To apply your data transformations, you need to run the pipeline as an experiment.

  1. Select Submit, and run the pipeline as a new experiment named mslearn-penguin-training on your compute cluster.

  2. Wait for the run to finish. This may take 5 minutes or more.

    Screenshot of designer asset library with the completed job and job details button below.

    Notice that the left hand panel is now on the Submitted jobs pane. You will know when the run is complete because the status of the job will change to Completed.

View the transformed data

  1. When the run has completed, the dataset is now prepared for model training. Click on Job detail. You will be taken to another tab which will show the modules like this:

    Screenshot of the modules in a completed state with green bar on the left of each module.

  2. In the new tab, right click on the Normalize Data module, select Preview data, then select Transformed dataset to view the results.

  3. View the data, noting that the Species column has been removed, there are no missing values, and the values for all four features have been normalized to a common scale.

  4. Close the normalized data result visualization. Return to the previous pipeline tab.

Now that you have selected and prepared the features you want to use from the dataset, you’re ready to use them to train a clustering model.

After you’ve used data transformations to prepare the data, you can use it to train a machine learning model.

Add training modules

Work through the following steps to extend the Train Penguin Clustering pipeline as shown here:

Screenshot of the K-Means Clustering algorithm component and the Assign Data to Modules component.

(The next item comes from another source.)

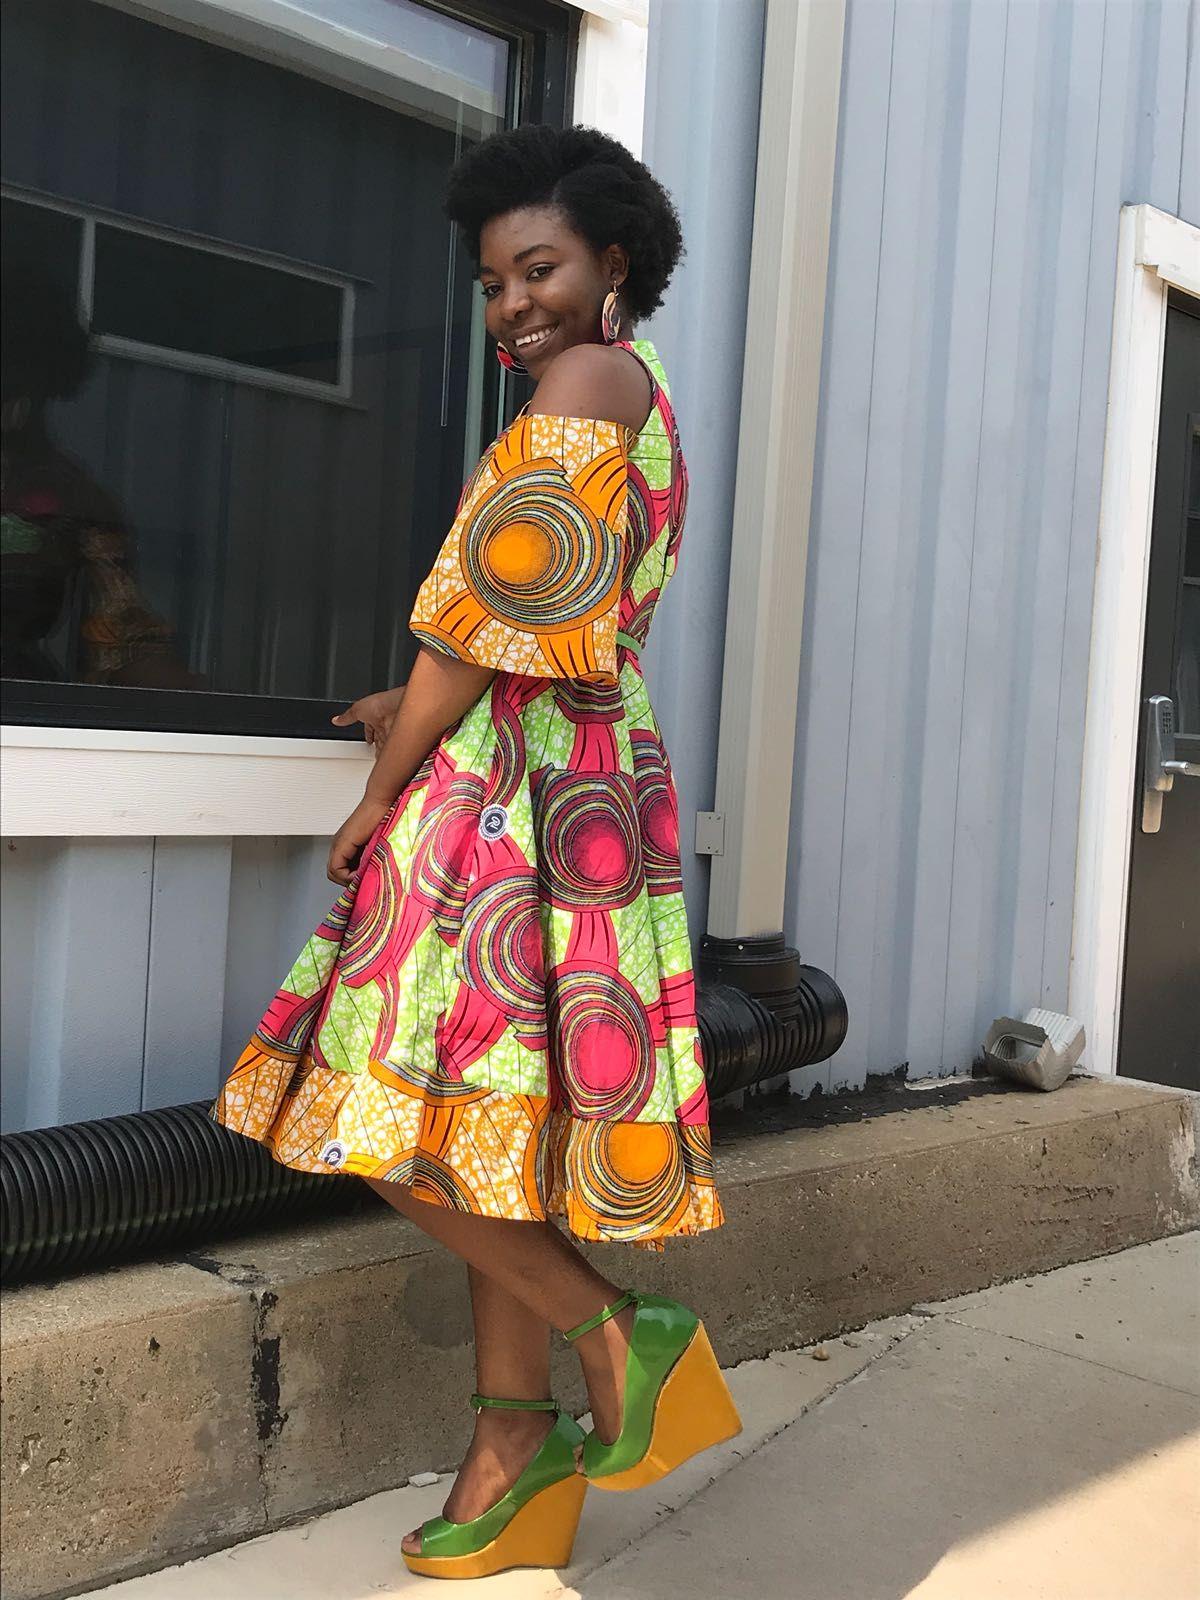 Pin by edo scribes u pleasantries on africana design aesthetics in

Follow the steps below, using the image above for reference as you add and configure the required modules.

  1. Open the Train Penguin Clustering pipeline, if it’s not already open.

  2. In the Asset library pane on the left, search for and place a Split Data module onto the canvas under the Normalize Data module. Then connect the left output of the Normalize Data module to the input of the Split Data module.

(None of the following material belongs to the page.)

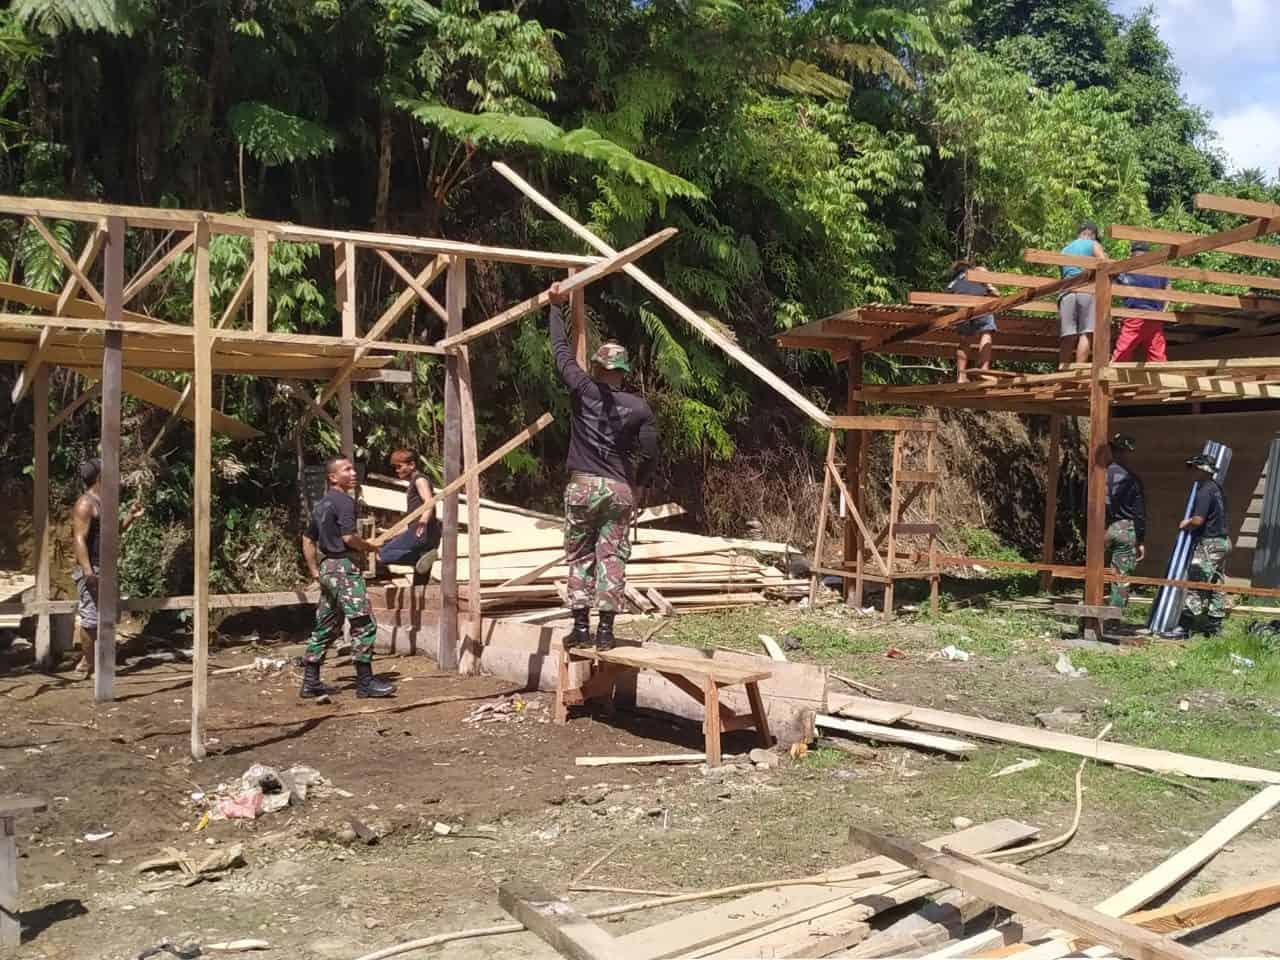 Bedah Rumah, Bakti Satgas Yonif R 300 Bagi Warga Papua

    Tip Use the search bar to quickly locate modules.

  3. Select the Split Data module, and configure its settings as follows:
    • Splitting mode: Split Rows
    • Fraction of rows in the first output dataset: 0.7
    • Randomized split: True
    • Random seed: 123
    • Stratified split: False
  4. In the Asset library, search for and place a Train Clustering Model module to the canvas, under the Split Data module. Then connect the Results dataset1 (left) output of the Split Data module to the Dataset (right) input of the Train Clustering Model module.

  5. The clustering model should assign clusters to the data items by using all of the features you selected from the original dataset. Double click the Train Clustering Model module and in the right hand pane, select Edit column. Use the With rules option to include all columns; like this:

    Screenshot of how to include all columns in the column set.

  6. The model we’re training will use the features to group the data into clusters, so we need to train the model using a clustering algorithm. In the Asset library, search for and place a K-Means Clustering module to the canvas, to the left of the penguin-data dataset and above the Train Clustering Model module. Then connect its output to the Untrained model (left) input of the Train Clustering Model module.

  7. The K-Means algorithm groups items into the number of clusters you specify - a value referred to as K. Select the K-Means Clustering module and in the right hand pane, set the Number of centroids parameter to 3.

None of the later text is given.